▸ AIM OF THE TASK:
Exactly as they appear below, repeat the lines from the one with "Deutsche Telekom Headquarters, Bonn, North" through the one with "Леггинсы женские Basic". Drop every picture.

▸ GIVEN RECORDS:
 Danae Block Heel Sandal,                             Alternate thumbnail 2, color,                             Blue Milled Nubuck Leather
...
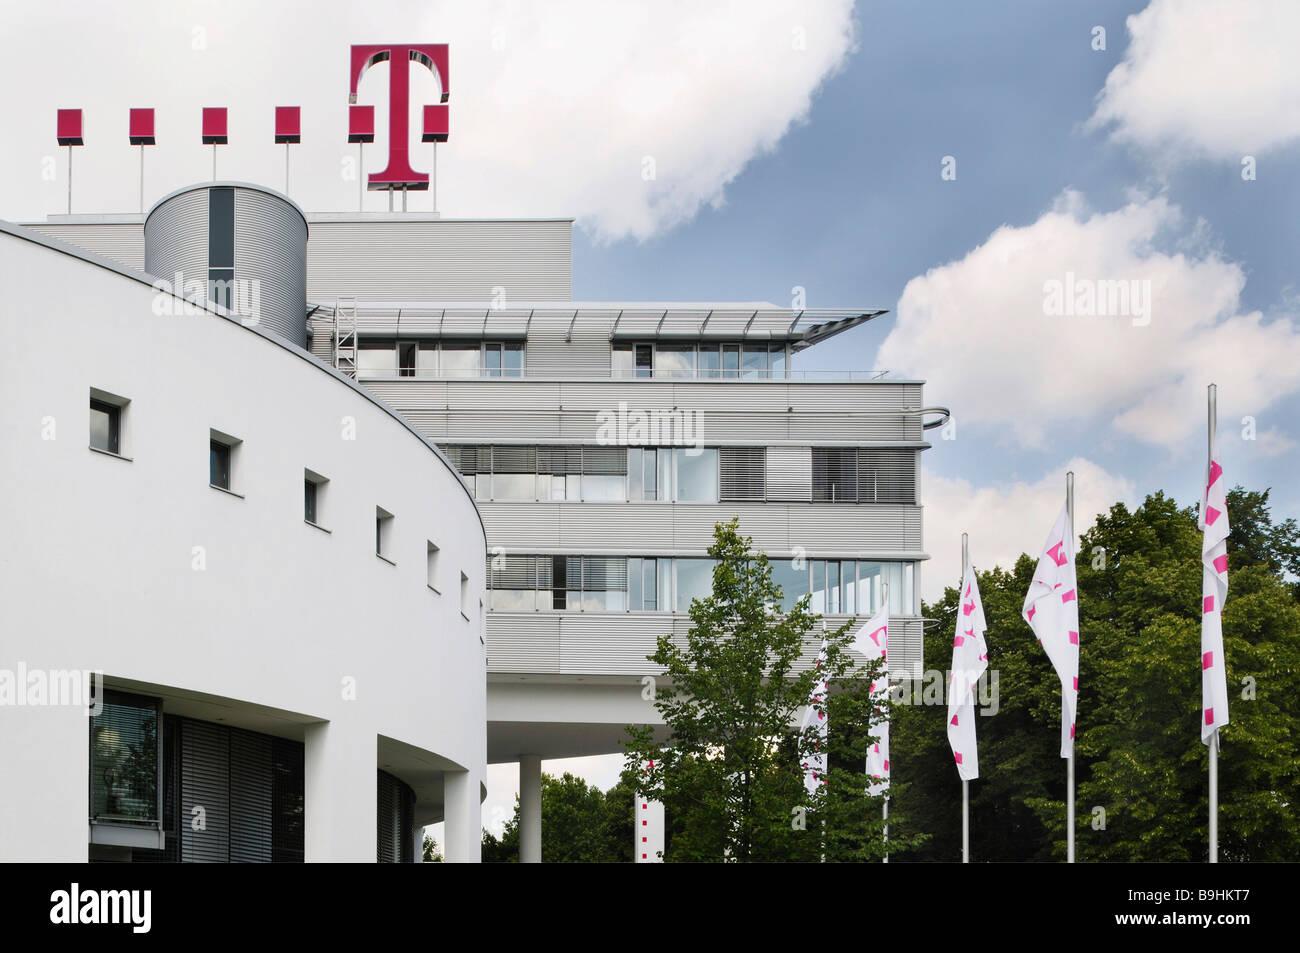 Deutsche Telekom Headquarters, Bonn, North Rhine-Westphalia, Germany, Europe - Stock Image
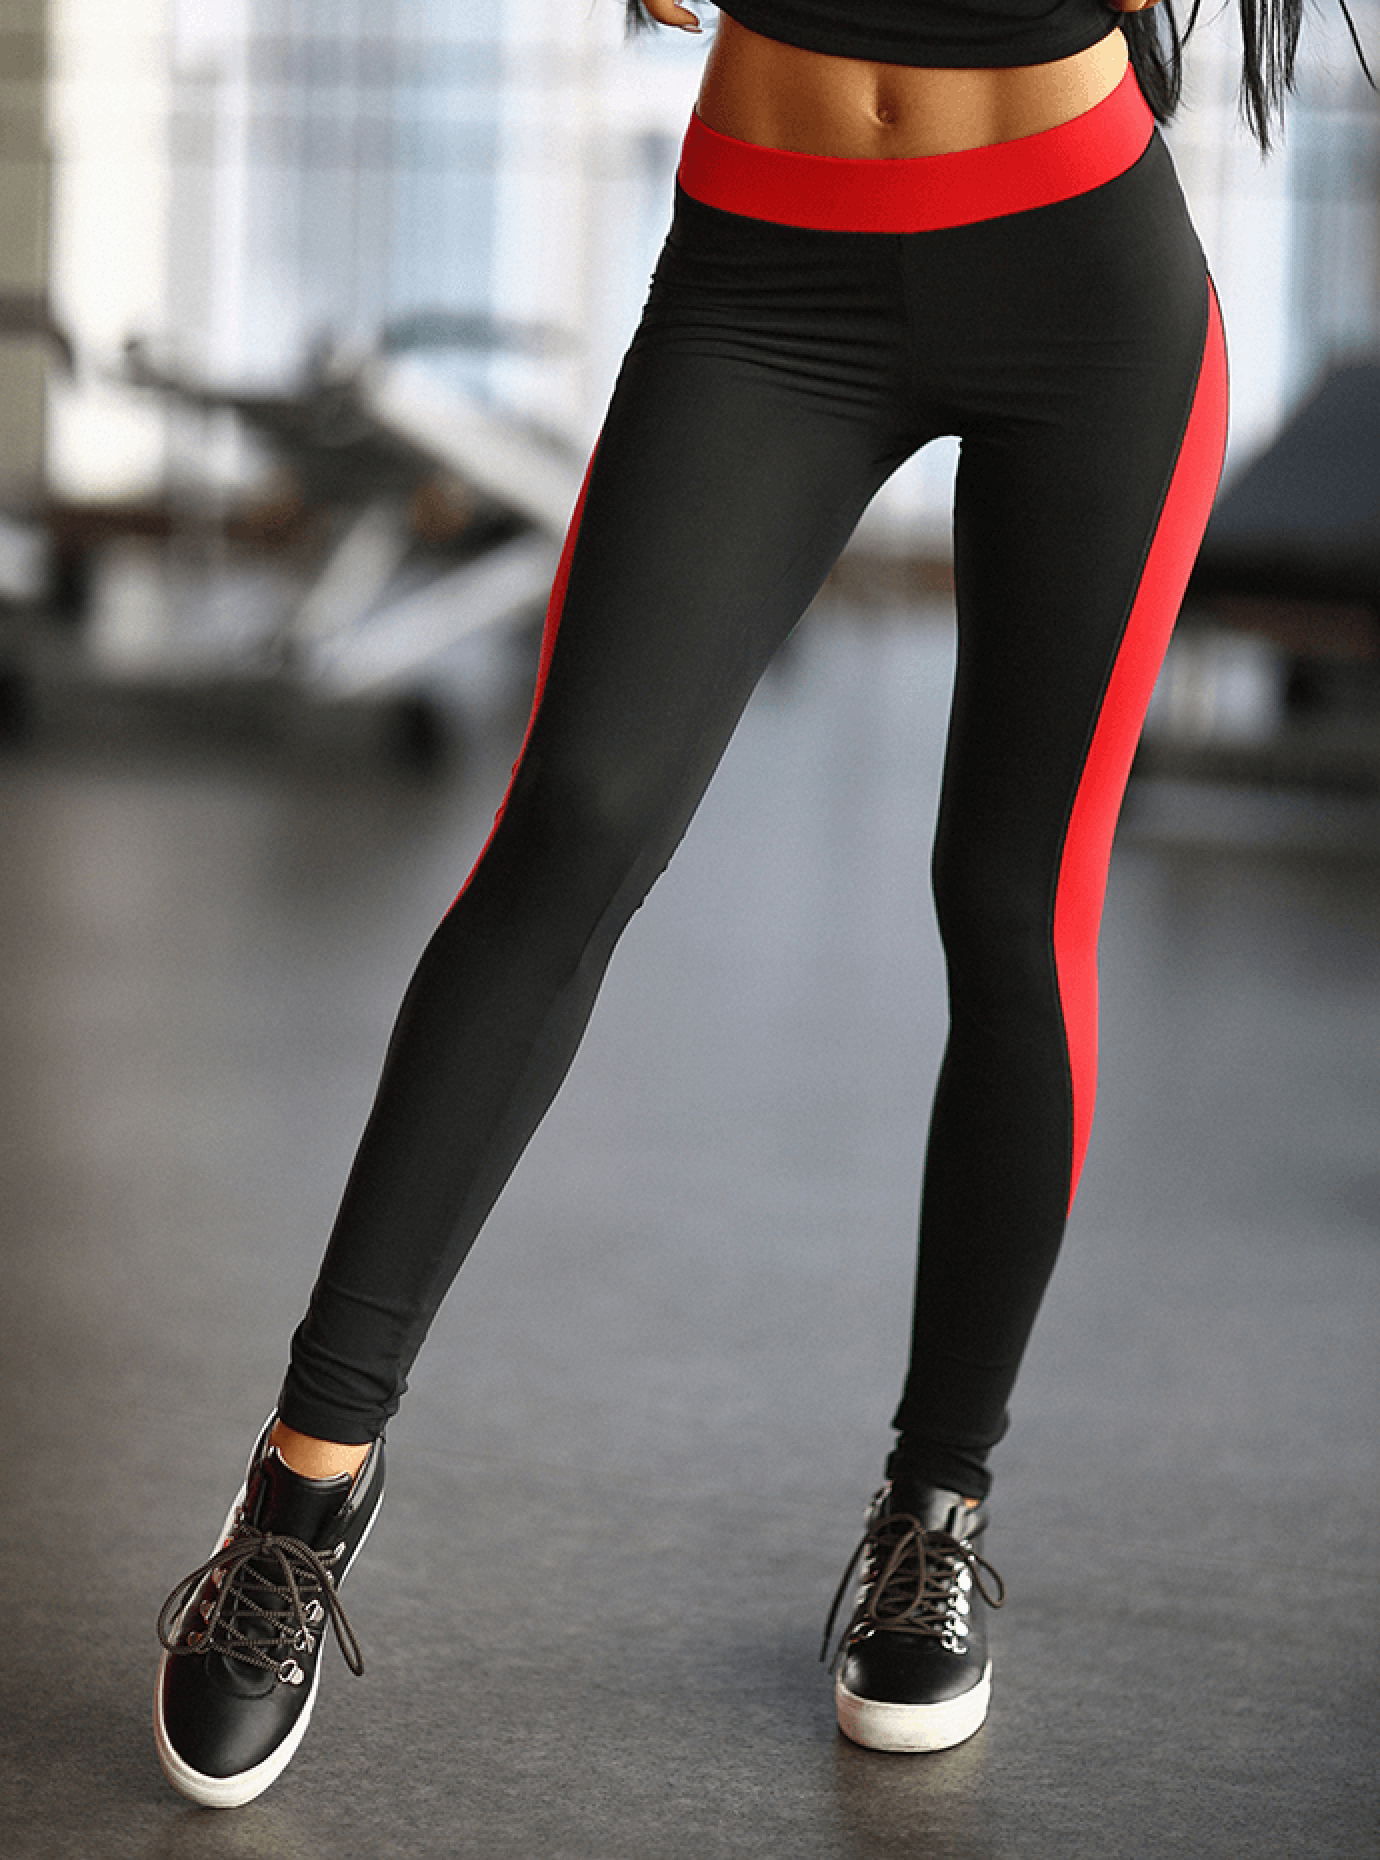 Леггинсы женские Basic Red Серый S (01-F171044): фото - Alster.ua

▸ FINISHED EXERCISE:
 Deutsche Telekom Headquarters, Bonn, North Rhine-Westphalia, Germany, Europe - Stock Image
 Леггинсы женские Basic Red Серый S (01-F171044): фото - Alster.ua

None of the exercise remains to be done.